In der gegenständlichen E befasst sich der OGH mit der Rechtsfrage, welche Auswirkung es auf den Anspruch von Versicherten nach § 273 ASVG auf die Berufsunfähigkeitspension hat, wenn die gesundheitliche Eignung bzw die Voraussetzungen für die Eintragung in das Gesundheitsberuferegister nicht vorliegen.

§ 27 GuKG regelt die Berufsberechtigung zur Ausübung des gehobenen Dienstes für Gesundheits- und Krankenpflege. Nur solche Personen sind dazu berechtigt, die ua die für die Erfüllung der Berufspflichten erforderliche Eignung und Vertrauenswürdigkeit besitzen (§ 27 Abs 2 Z 2 GuKG) und in das Gesundheitsberufsregister gem GBRG eingetragen sind. Im Berufsfeld der berufsschutzerhaltenden Teiltätigkeiten gibt es somit keine Tätigkeit, die man in Österreich ausüben darf, wenn man nicht in das Gesundheitsberufsregister eingetragen ist (§ 27 Abs 1 Z 5 GuKG). Da es der Kl auf Grund ihres Gesundheitszustandes nicht möglich ist, sich in das Gesundheitsberufsregister eintragen zu lassen, gibt es gem § 15 GBRG iVm § 27 GuKG für sie auch keine Möglichkeit, im gehobenen Gesundheitsbereich eine Tätigkeit auszuüben. Die Bekl argumentiert in der Revision damit, dass der Umstand der Nichterlangung einer Registrierung im Gesundheitsberufsregister (mangels gesundheitlicher Eignung) zu den persönlichen Umstanden zu zählen sei, die für die Frage der Berufsunfähigkeit nicht maßgeblich ist.

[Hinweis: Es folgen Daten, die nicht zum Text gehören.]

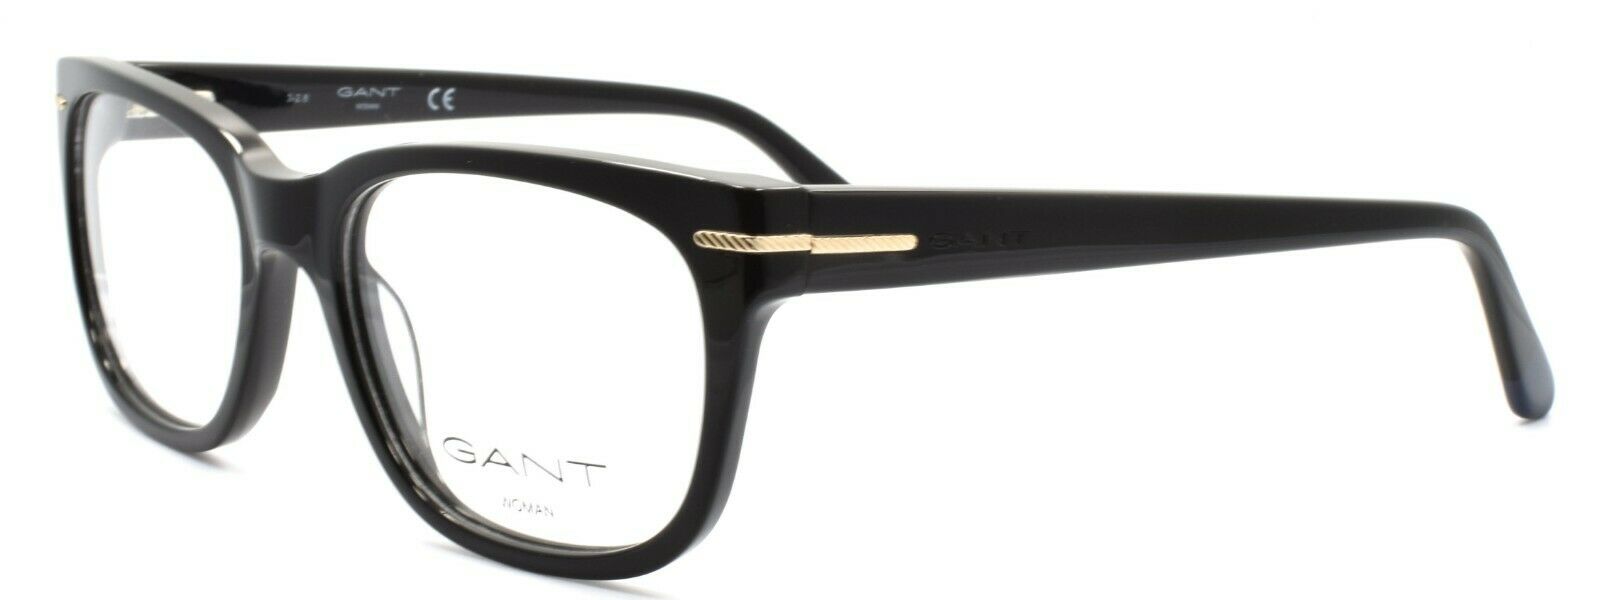 1-GANT GA4058 001 Women's Eyeglasses Frames 52-18-140 Shiny Black + CASE-664689790180-IKSpecs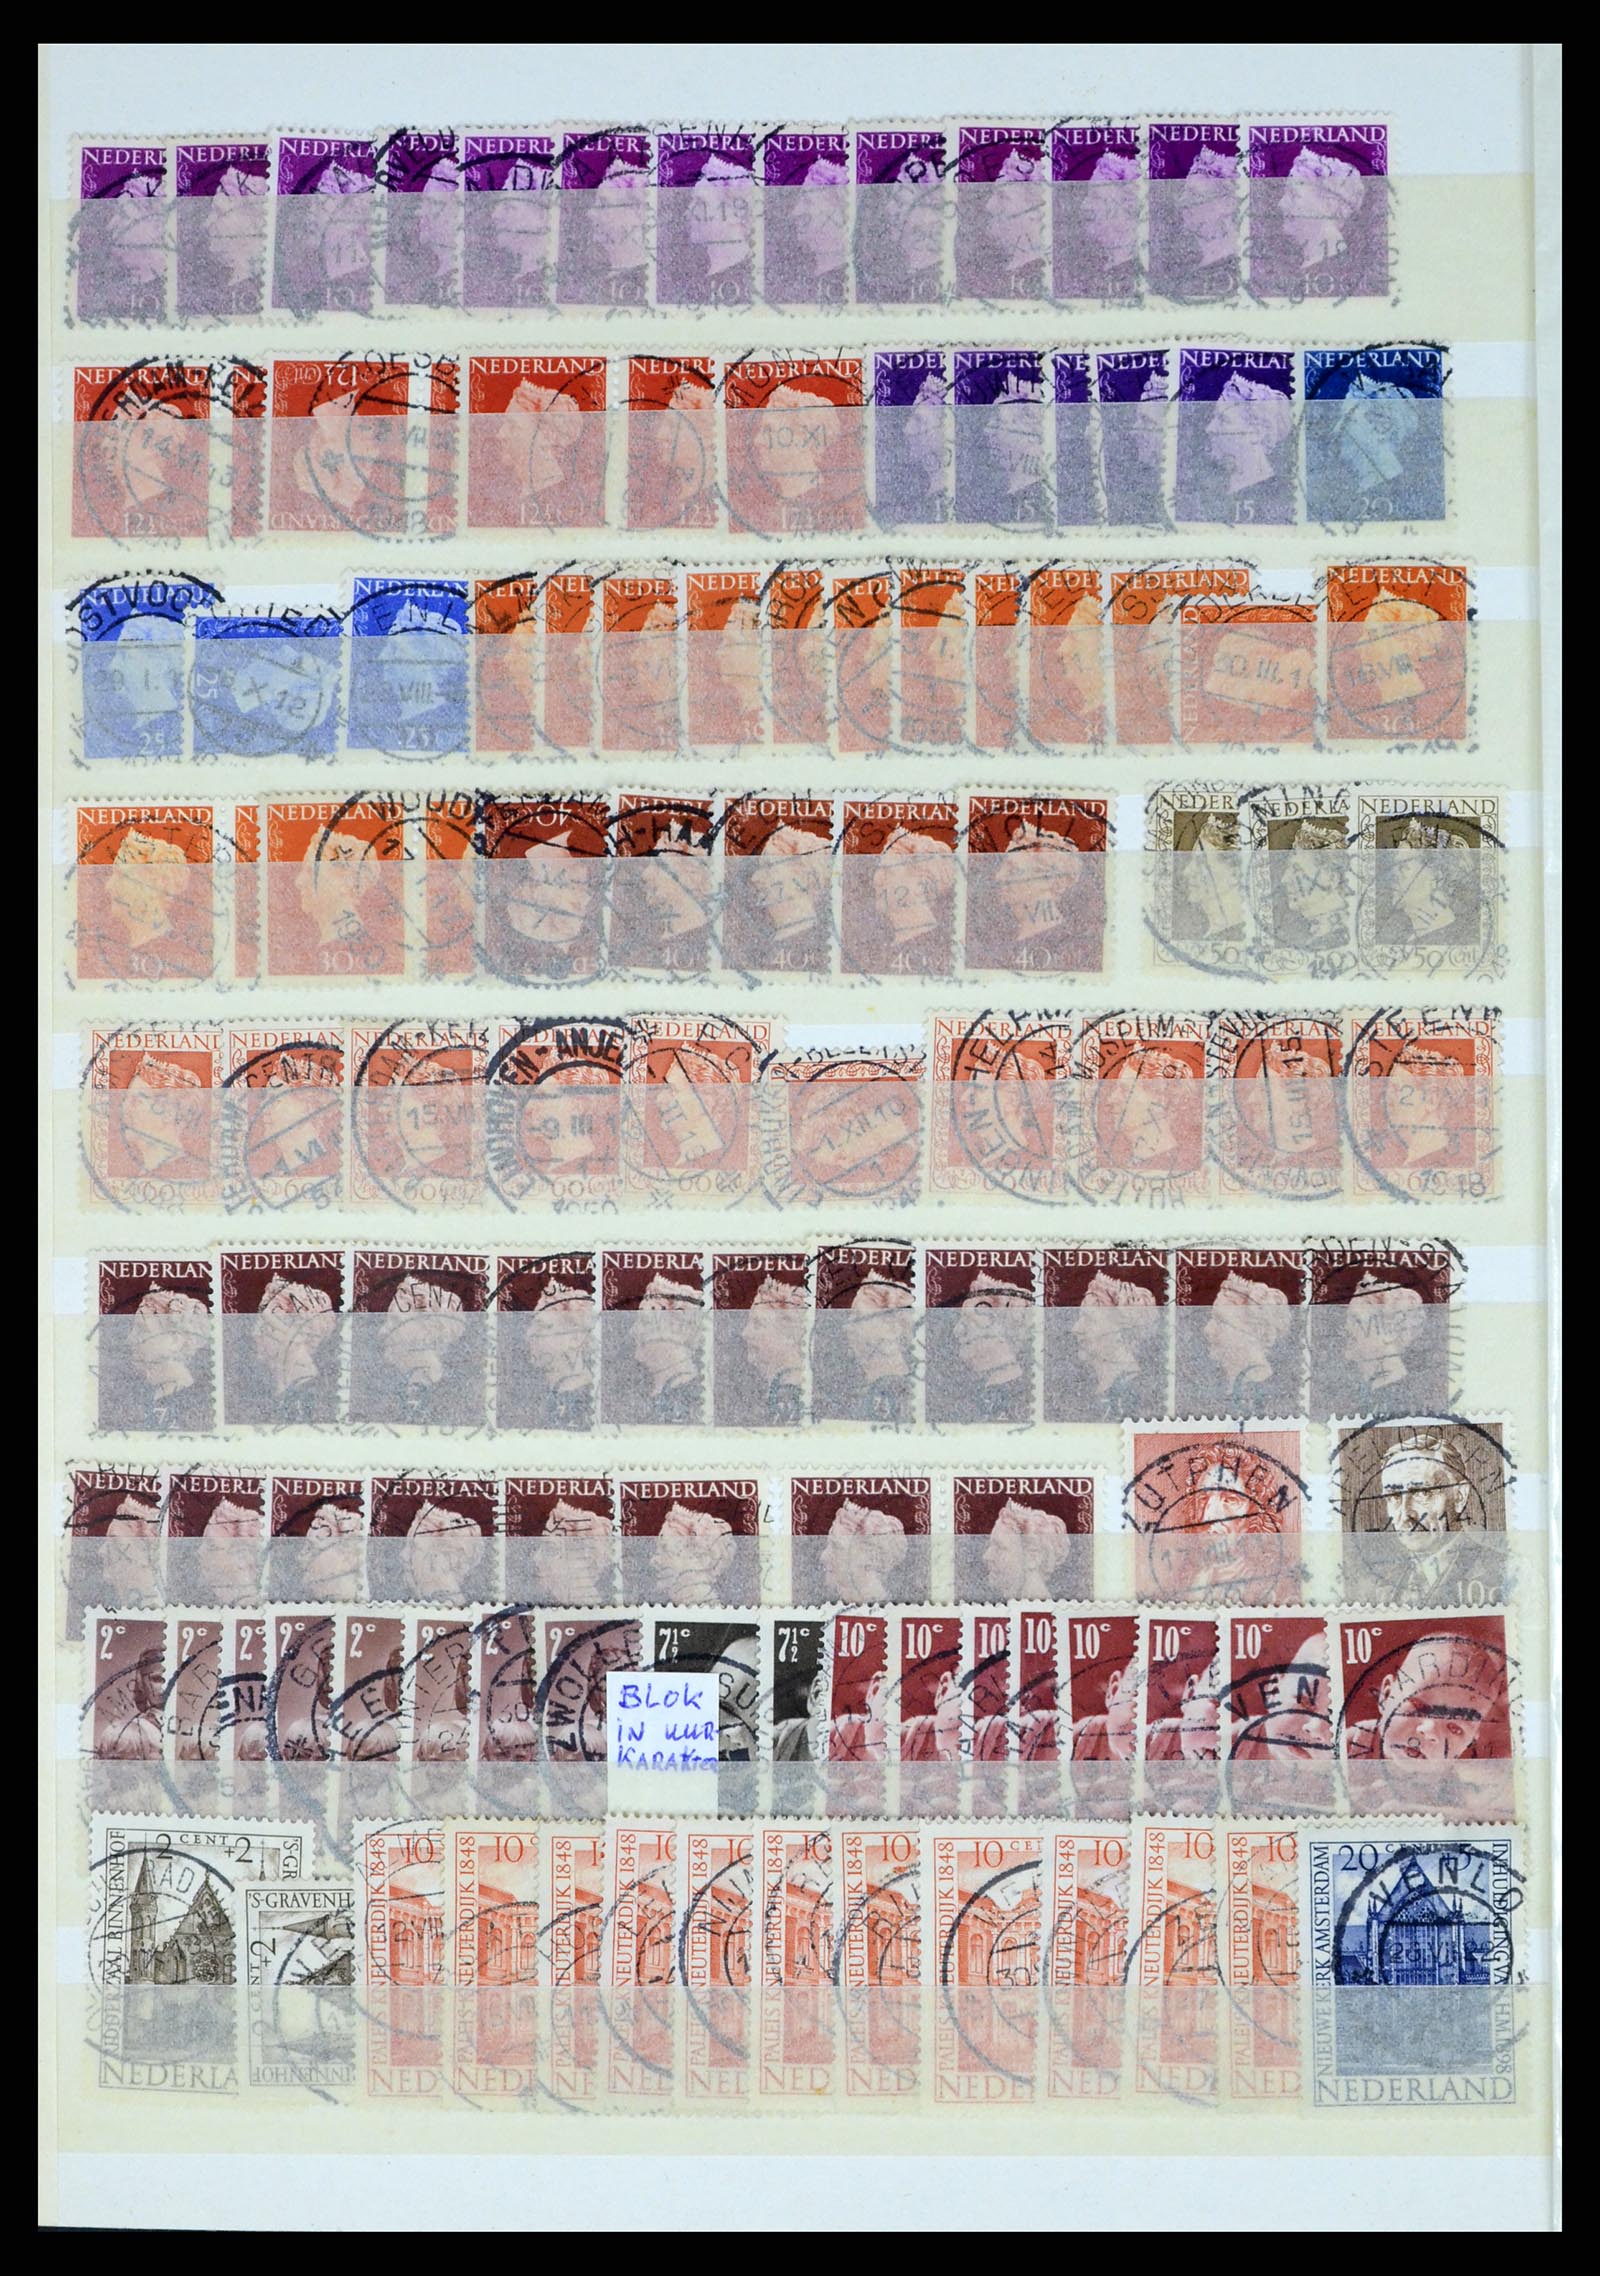 37424 044 - Stamp collection 37424 Netherlands shortbar cancels.

Der OGH hält dagegen fest, dass die Bekl damit nicht im Recht ist. Nach Ansicht des OGH sind die gesundheitliche Eignung und die daran angeknüpfte Eintragung in das Gesundheitsberufsregister nicht als persönliche Umstände anzusehen, sondern sie hängen eng mit dem Gesundheitszustand der Kl zusammen und sind damit schon bei der Prüfung der geminderten Arbeitsfähigkeit zu berücksichtigen. Es darf keine Tätigkeit als DGKP nach dem GuKG ausgeübt werden, wenn die gesundheitliche Eignung nicht für alle Tätigkeiten nach dem GuKG gegeben ist. Weder das GBRG noch das GuKG sehen eine Teil302eintragung oder eine teilweise Berufsberechtigung vor. „Wer nicht gesund genug für alle Tätigkeiten des GuKG ist (vgl § 13 GuKG), darf demnach auch keine Teilbereiche dieser Tätigkeiten ausüben.“ Der OGH hält weiters fest, dass es im gesetzlichen Handlungsspielraum liegt, für bestimmte Berufe spezielle Voraussetzungen zu verlangen, die aus Sicht der Berufsunfähigkeit nach § 273 ASVG nicht notwendig wären. So würde es der OGH für systemwidrig erachten, Berufsfähigkeit anzunehmen, wenn die Kl mangels Eintragung in das Gesundheitsberufsregister keine möglichen Verweisungsberufe legal ausüben könnte.